Qui pourrait
rester insensible à cette commune aux senteurs provençales
et au bleu de la Côte d'Azur, rassemblant tant de richesses,
héritées à la fois d'une histoire unique et d'une géomorphologie
atypique.
La commune
hyèroise est la plus méridionale de la PACA, avec 43.7° de
latitude Nord et 3°48 de longitude est, elle a une superficie
plus que suffisante de 13328 Ha (55ème commune de France)
dans un site exceptionnel, en contrefort de la plaine alluviale
du Roubaud et du Gapeau, entre d'un côté le massif cristallin
des Maures, faillé avec son extrémité, les Maurettes à l'est,
et de l'autre le massif calcaire du Mont des oiseaux à l'ouest
.

Hyères
offre une diversité de paysages uniques, allant du double
tombolo de Giens, aux salins naturellement conservés, aux
îles de Port Cros, Porquerolles et du Levant, si bien que
d'illustres hôtes y ont transcrit leurs sentiments : " Heureux,
je ne l'ai été qu'une fois ce fut à Hyères (...)" Stevenson,
et que Stephen Liégeard, quoi qu'on en dise s'est écrié "

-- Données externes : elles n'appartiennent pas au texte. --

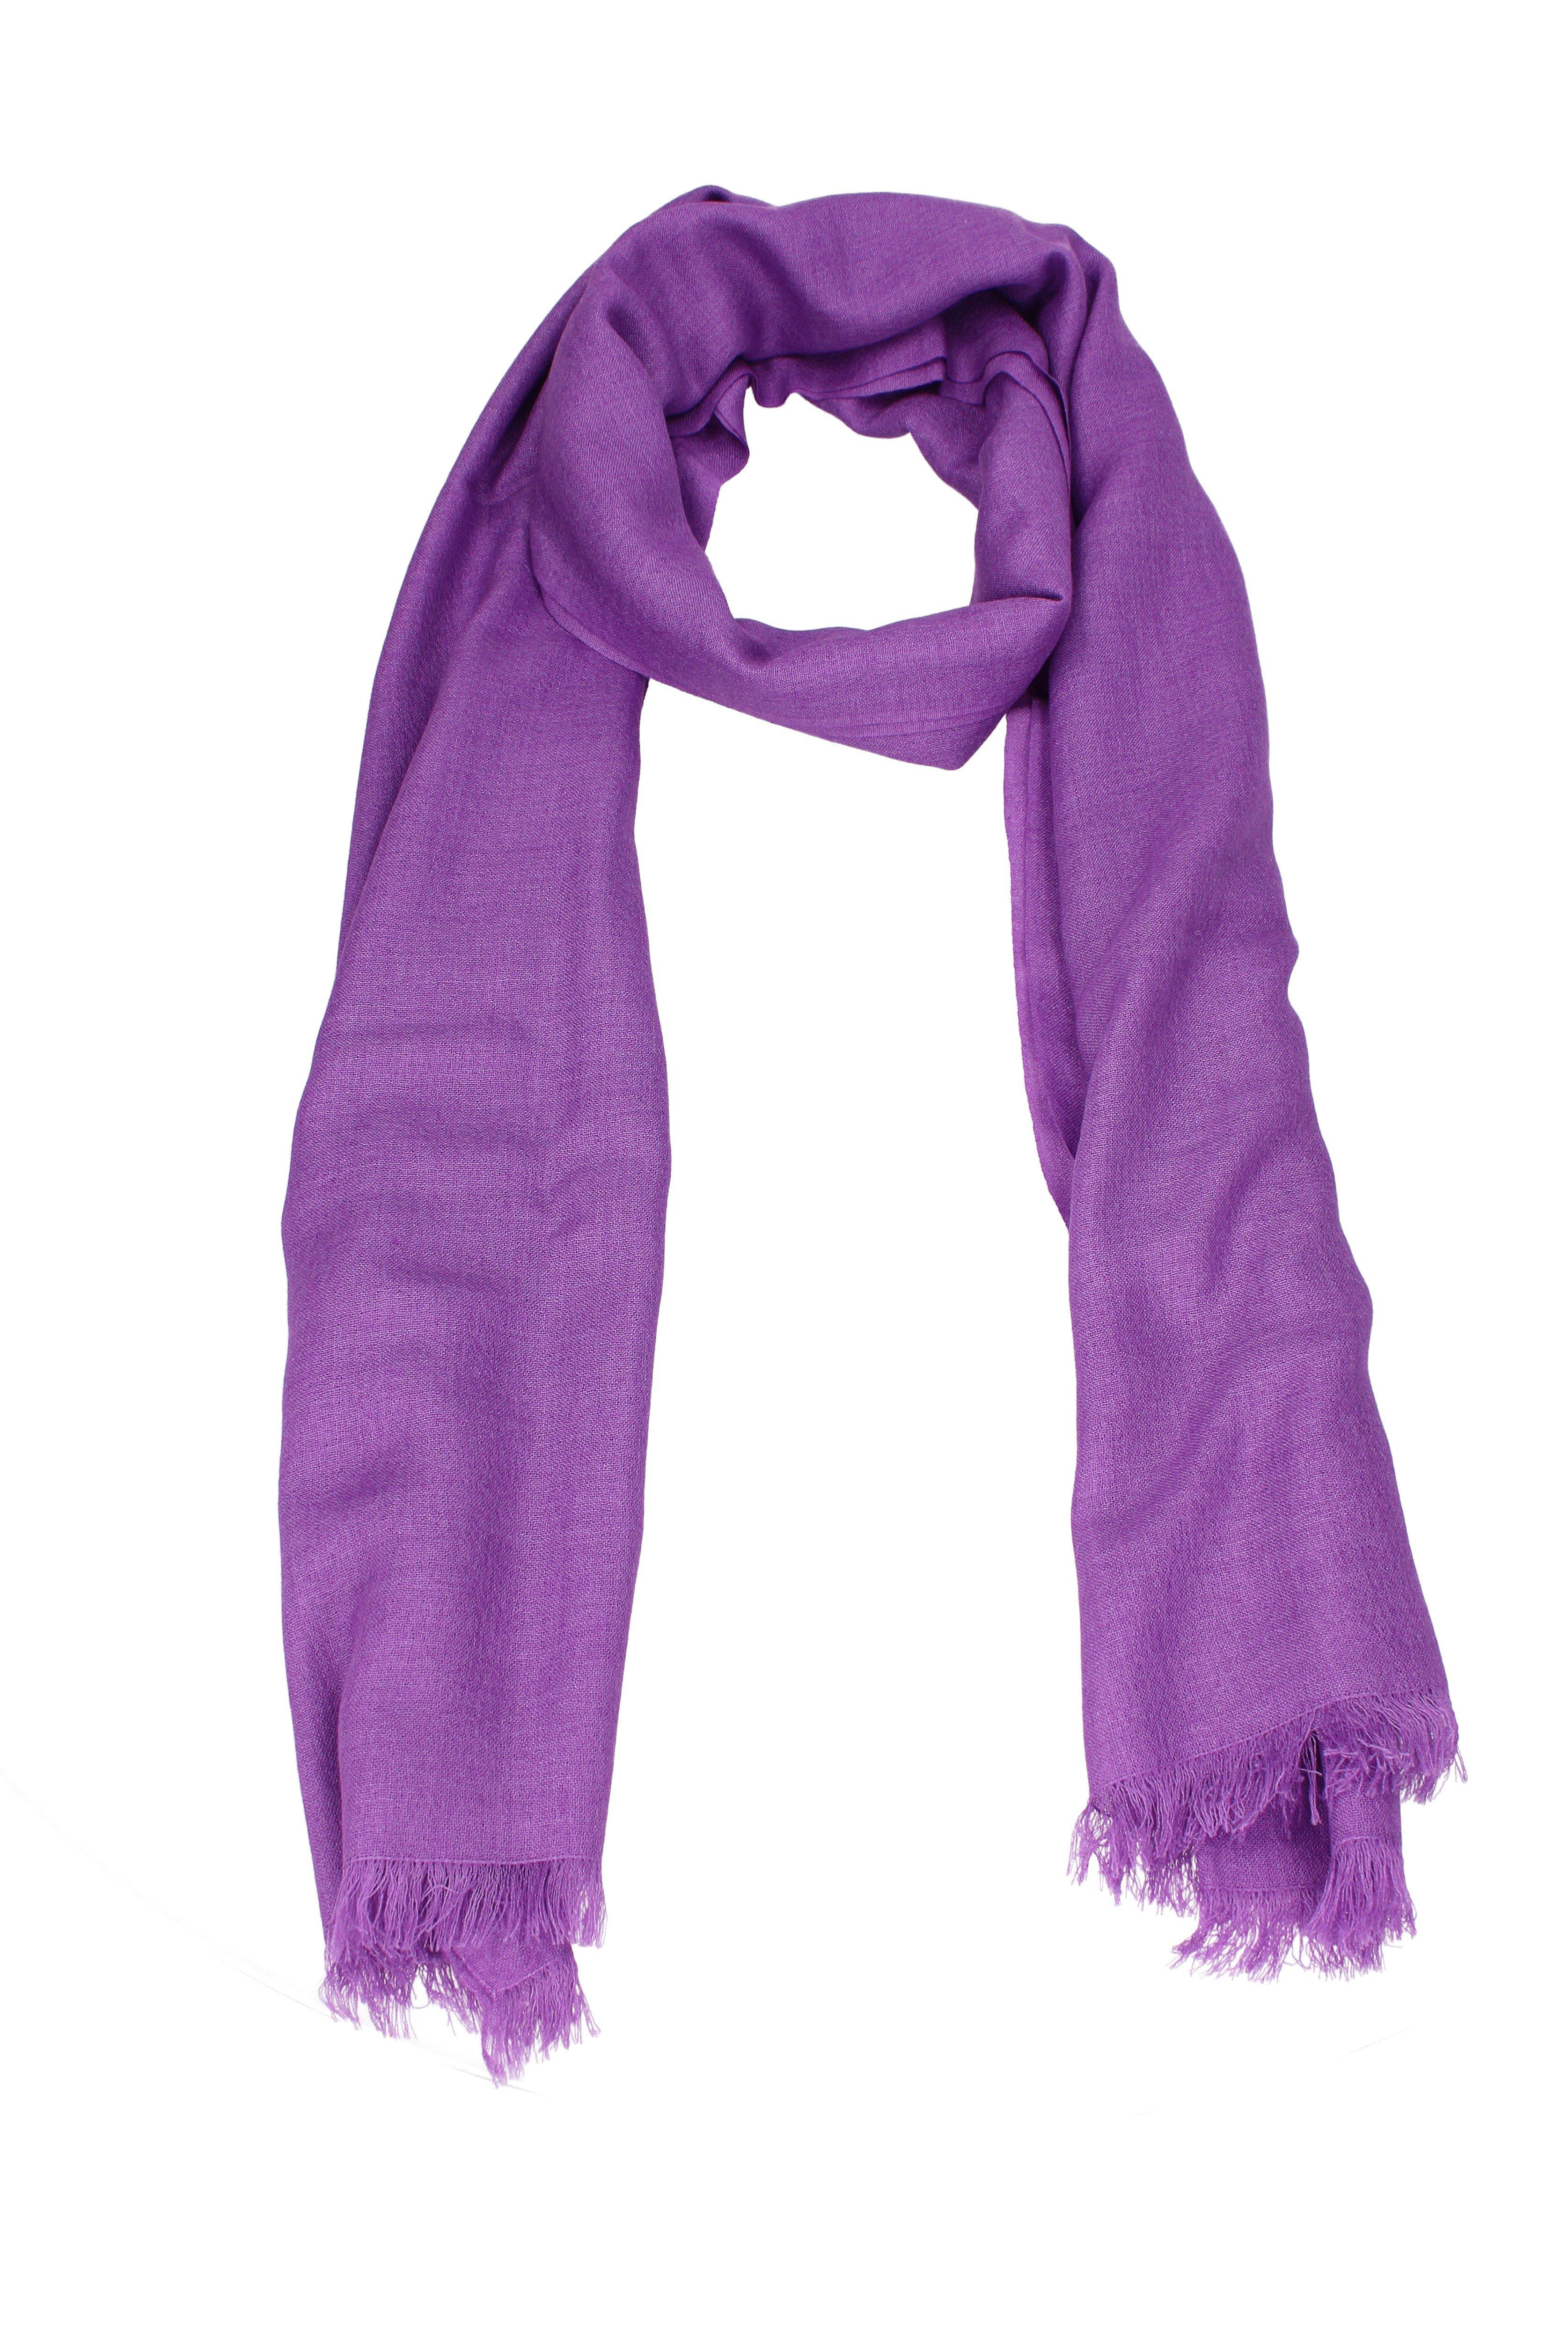 info for 9070b 84523 Cruciani Purple Foulard Women Violet

côte d'azur " en visitant notre mirifique commune varoise.
La commune
est également qualifiée de " jardin d'hiver de la France "
pour son climat hivernal doux, son ensoleillement de quelques
300 jours par an, qui a favorisé une agriculture et une horticulture
performante, ainsi qu'un tourisme aristocratique au XIXème.

Notre commune
hyèroise concentre en son sein des paysages aussi bien ruraux
que très urbanisés. Une urbanisation d'Hyères prédite par
un grand géographe Elisée RECLUS, qui fin XIXème évoquait
: " la nécessaire éclosion et le radieux épanouissement, avant
qu'un demi-siècle ne s'écoule, de la grande cité d'Hyères-sur-mer
(...)"
La ville
avec son centre médiéval, éloigné d'environ cinq kilomètres
du rivage est la conséquence directe des périodes historiques
troublées des siècles précédents, ainsi que d'un cadre marécageux
dont l'homme s'est affranchi, il y a moins d'un siècle. Elle
a connu une croissance est/ouest différente d'autres villes
côtières, telles que Cannes, Antibes, St Raphaël.